When asked what exactly the rings contain to make them so strong yet edible and compostable, however, the makers declined to answer because the patenting procedure is ongoing.

These six-pack rings feed fish, turtles and seabirds instead of entangling, choking, poisoning or killing them as plastic ones do, and could thereby save hundreds of thousands of marine lives. Photo credit: We Believers and Saltwater Brewery.
These six-pack rings feed fish, turtles and seabirds instead of entangling, choking, poisoning or killing them as plastic ones do, and could thereby save hundreds of thousands of marine lives. Photo credit: We Believers and Saltwater Brewery.

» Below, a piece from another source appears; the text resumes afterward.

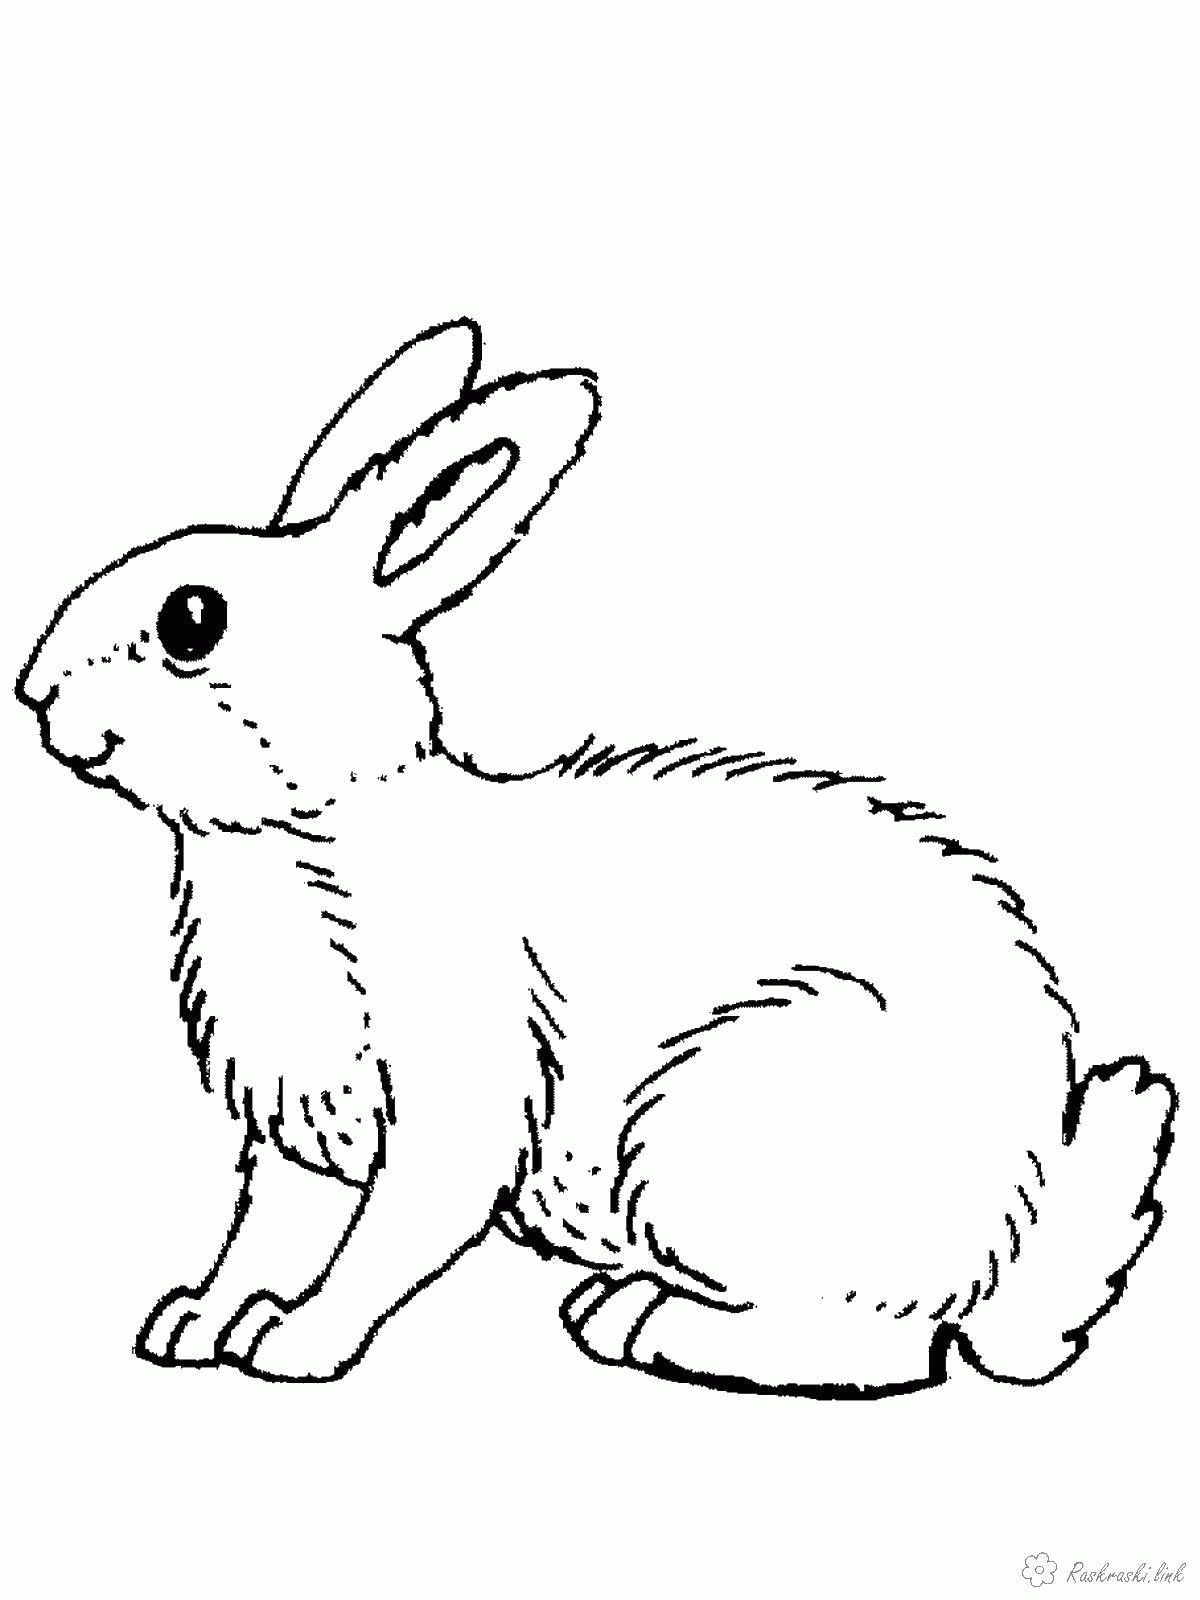 Название: Раскраска Название: Раскраска Кролик. Категория: дикие животные. Теги: кролик.. Категория: . Теги: .

All the same, reinventing packaging to become waste-free and earth-friendly is a step in the right direction.

“It’s a game changer in terms of shifting our conversation on what can and should be done in the packaging industry. This is just the tip of the iceberg,” said Marco Vega, Chief Strategy Officer and Cofounder of We Believers.

The innovators are still perfecting the large-scale process of producing and using the edible rings before they’ll hit the market, and they continue to consult environmental experts as they test and improve the product. Using a new aluminum and inox (stainless) steel machined mold, by early fall they’ll boost the manufacture of this more environmentally sound option to package all 400,000 Saltwater cans generated per month.

Scientists around the world are currently also researching how to harness plastic-eating bacteria to mitigate consumer culture’s plastic problem and protect the planet. Meanwhile, we might be able to crack open a cold one with less guilt. Cheers!